# Easton Ascent II vs. Mavic K SL's



## singletrak (Mar 29, 2005)

I'm bulilding my new road bike and need a wheelset. I'm on the fence between Ascent II's and K SL's. I'm trying to find a balance between cost, weight and strength ( who isn't).
I'm less than 145lbs wet so usually easy on my wheels. I'll be using the set for racing/training although if they're too sweet I can use the CPX33's from my cross bike for training and reserve the hot wheels for racing / weekend whoopass training rides (you know the one, when so and so Cat 1 dude decides to show up and "school" everyone and you want to be prepared).
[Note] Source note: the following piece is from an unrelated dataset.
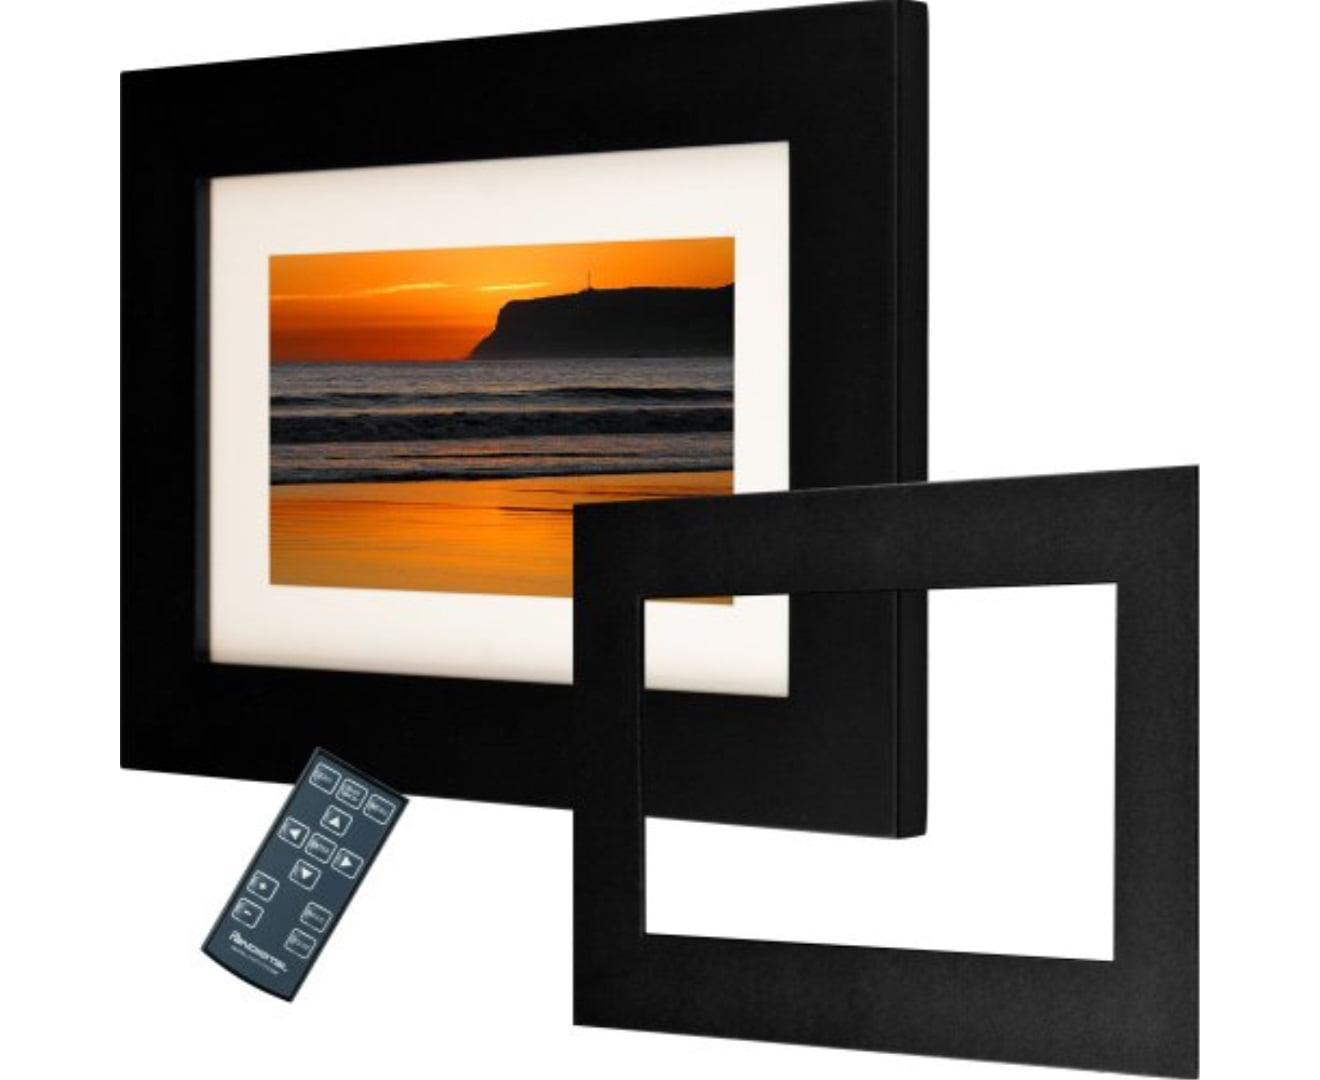 Pandigital Panimage Pi7002aw 7 Inch Analog Digital Picture Frame Black

Mavic has a program called MP3 which for $70 provides a no ?'s asked crash warranty on the K's for three years. So factor this in for any reccomendations. Thanks in advance.


----------



## SilasCL (Jun 14, 2004)

singletrak said:


> I'm bulilding my new road bike and need a wheelset. I'm on the fence between Ascent II's and K SL's. I'm trying to find a balance between cost, weight and strength ( who isn't).
> I'm less than 145lbs wet so usually easy on my wheels. I'll be using the set for racing/training although if they're too sweet I can use the CPX33's from my cross bike for training and reserve the hot wheels for racing / weekend whoopass training rides (you know the one, when so and so Cat 1 dude decides to show up and "school" everyone and you want to be prepared). Mavic has a program called MP3 which for $70 provides a no ?'s asked crash warranty on the K's for three years. So factor this in for any reccomendations. Thanks in advance.
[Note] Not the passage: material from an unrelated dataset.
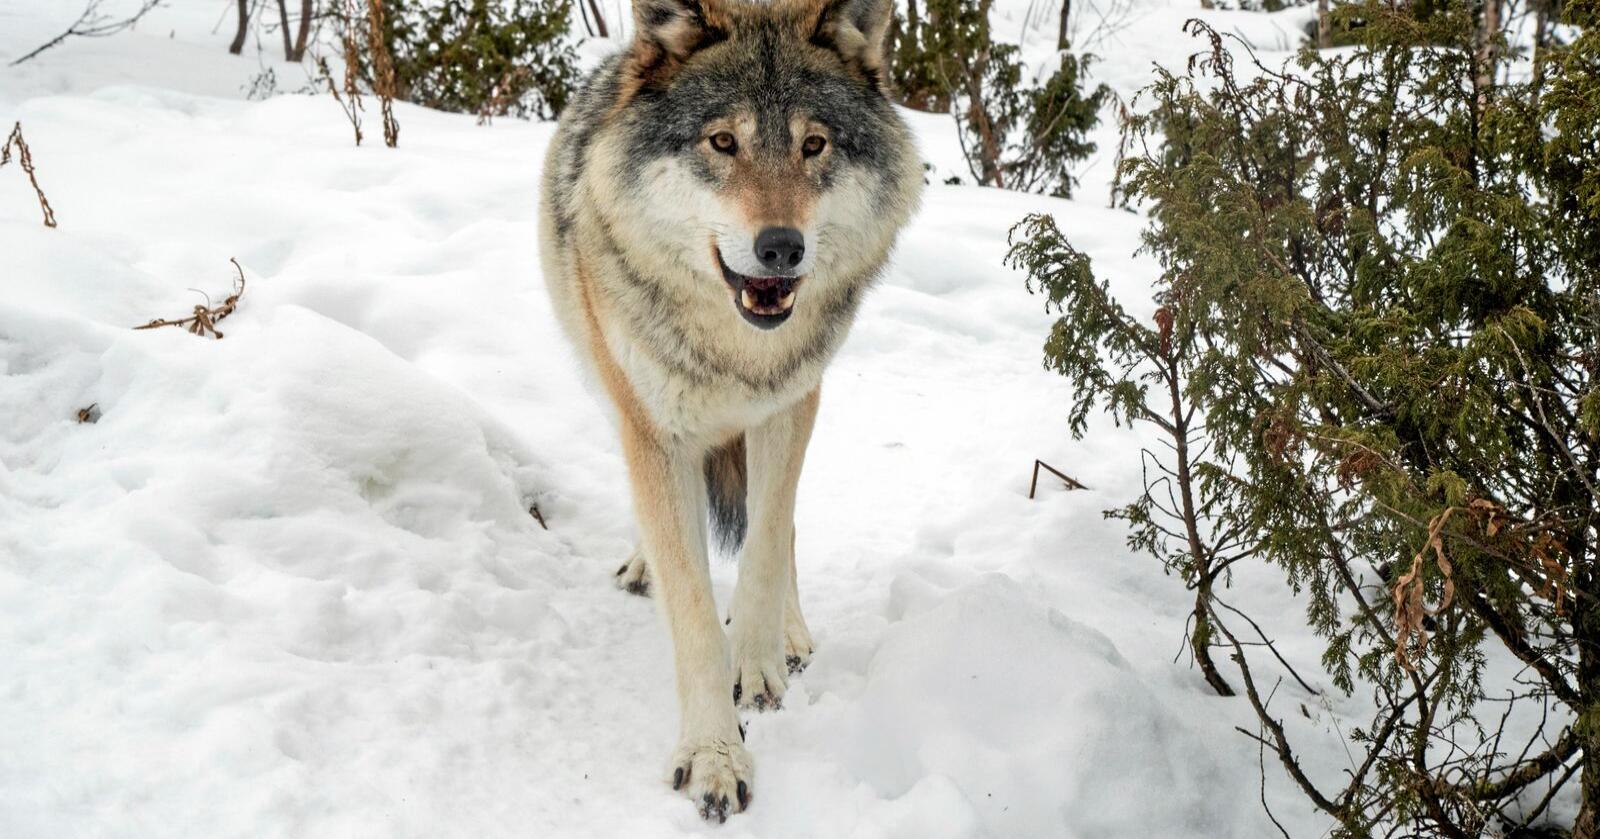 Ulven er omstridt, det kommer til uttrykk også i sosiale medier. Foto: Heiko Junge / NTB scanpix

I've enjoyed my Circuits for a couple of years, only needed truing after a crash.

People say Ks are super tough too.

Your choice should probably come down to $ and which looks cooler, both of these wheels are a good compromise between tough and light. Others will soon post that handbuilts will do a similar job for much less money, so that's certainly a good option too.

Silas


----------